My dad and I have weird sleep cycles and we were often up at night sitting in comfortable silence both working on our own individual tech stuff. I really miss that especially when I can't sleep or I suddenly figure out how to solve a problem and I can't share that excitement.
badger906@reddit
My 18th birthday. No not because I went out and got pissed (dead opposite). I went to comet with my mum, dad and brother, bought a 30gb iPod video, girl on the counter gave me the 80gb model by mistake. Then we went to a local riverside restaurant and had pub lunch!
Extremely average I know. But my mum is semi agoraphobic. Hates places other people have sat, dislikes food she hasn’t cooked etc. this was the last time we went out as a family like this.

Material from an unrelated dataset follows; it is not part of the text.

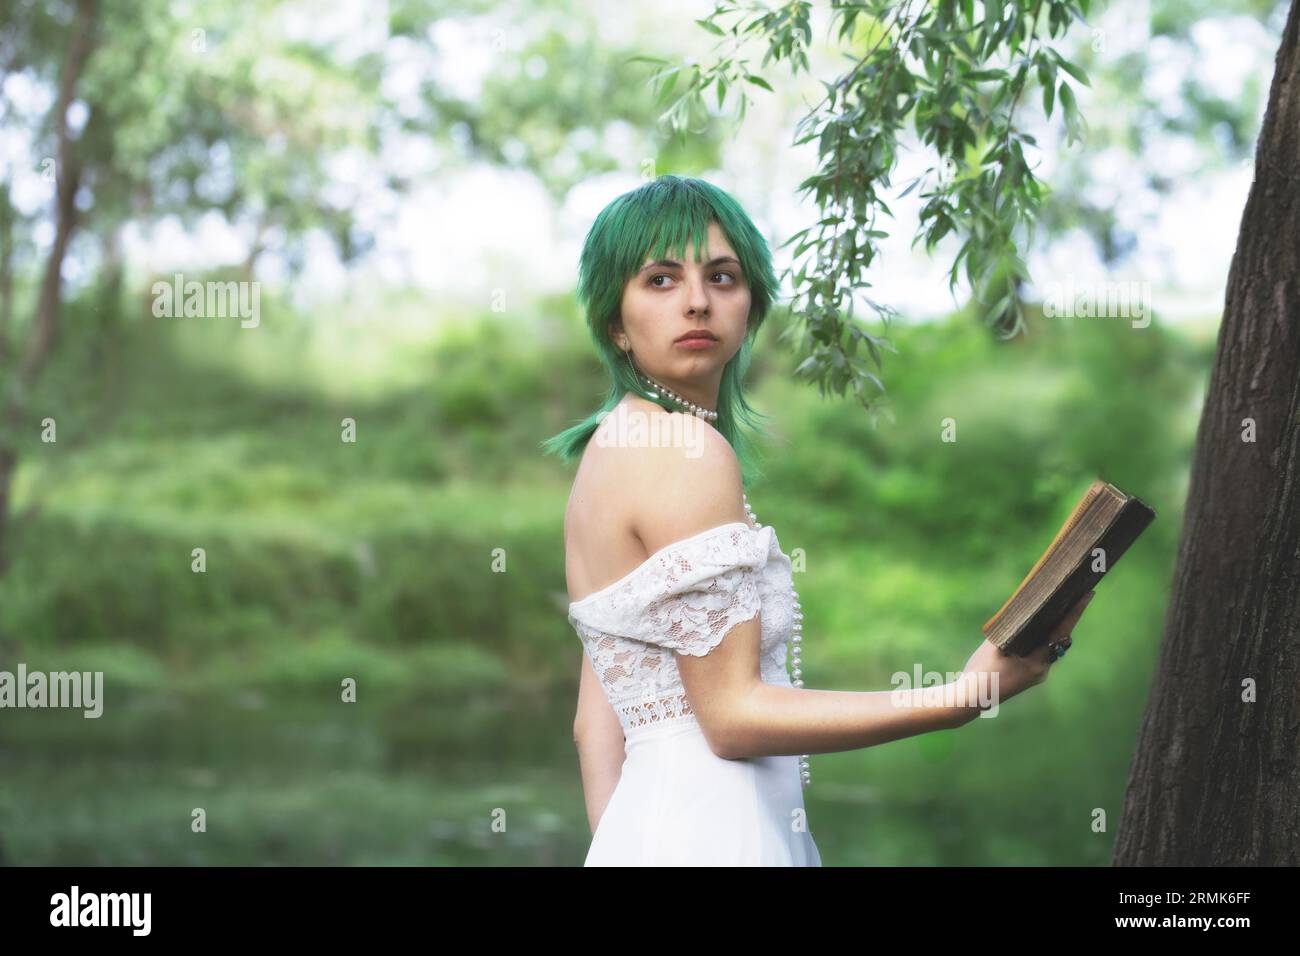 elegante ragazza dai capelli verdi che legge un libro nella quiete di un parco verde donne in un'atmosfera verde e surreale Foto Stock

So yeah an 18th without beer lol. My birthday was way before all my friends.
Possible-Ad-2682@reddit
My childhood memories seem to mostly be autumnal.
Buying polystyrene flat pack aeroplanes from the local village post office, or opening the packs of Panini football cards, and seeing the gold/silver ones glistening. I wasn't even interested in football, it was just something that everyone did!
ZombieGash@reddit
Every Sunday going to the carboot with my dad. Then we’d stop off at Morrisons, he’d buy me some warm food. Then we’d go back to the carboot because he used to see what people left over what didn’t sell and he’d make me go into a skip to fish it all out 😅
tongsyabrush@reddit
On Saturday my mum would sometimes take us to pick a cake. Then when we got home she would set out her china tea set and we felt like we were grown ups having high tea .
Plane-Painting-7878@reddit
honestly old department stores had weirdly magical energy to them. cafes upstairs, random carpet patterns, toy sections that felt enormous when you were small. modern shops feel much more sterile somehow.
DropDeadFredidit@reddit
On Friday nights we used to go to the local Blockbusters, rent out a video, buy a bag of popcorn and a tub of ice cream and then go home to watch it together ❤️
Rorstech@reddit
Occasionally going to Blockbuster on a Friday after school and renting some films and video games for the weekend.
Additional-Nobody352@reddit
Playing later quest and going bowling on my 10th birthday
Sherbetlaces@reddit
No mobile phones
tongsyabrush@reddit
My sister and I used to go to the chip shop in our street when we got our pocket money and buy a mix of pickled onions, gherkins and beetroot.
No-Ganache-8204@reddit
one thing i notice about childhood memories is how much atmosphere matters more than the actual activity. old cafes, supermarket trips, video rental shops, rainy car journeys, christmas lights in town. kids remember the feeling of being secure and present far more than whether anything objectively exciting happened. adulthood tends to lose that softness a bit.
mdmnl@reddit
I think that is missed by the cohort who think they need to create childhood memories for their kids by spending...
Happiest childhood memories are buying a chocolate bar to split watching VHS (admittedly in those days the chocolate bar felt like it was the size of a bollard), a home made cake, playing frisbee.
c-e-r-y-s@reddit
Aw, this is so sweet. It reminds of when my mum used to take us to Lidl bakery when it first opened, on weekend mornings and we'd sit by the coast for an hour.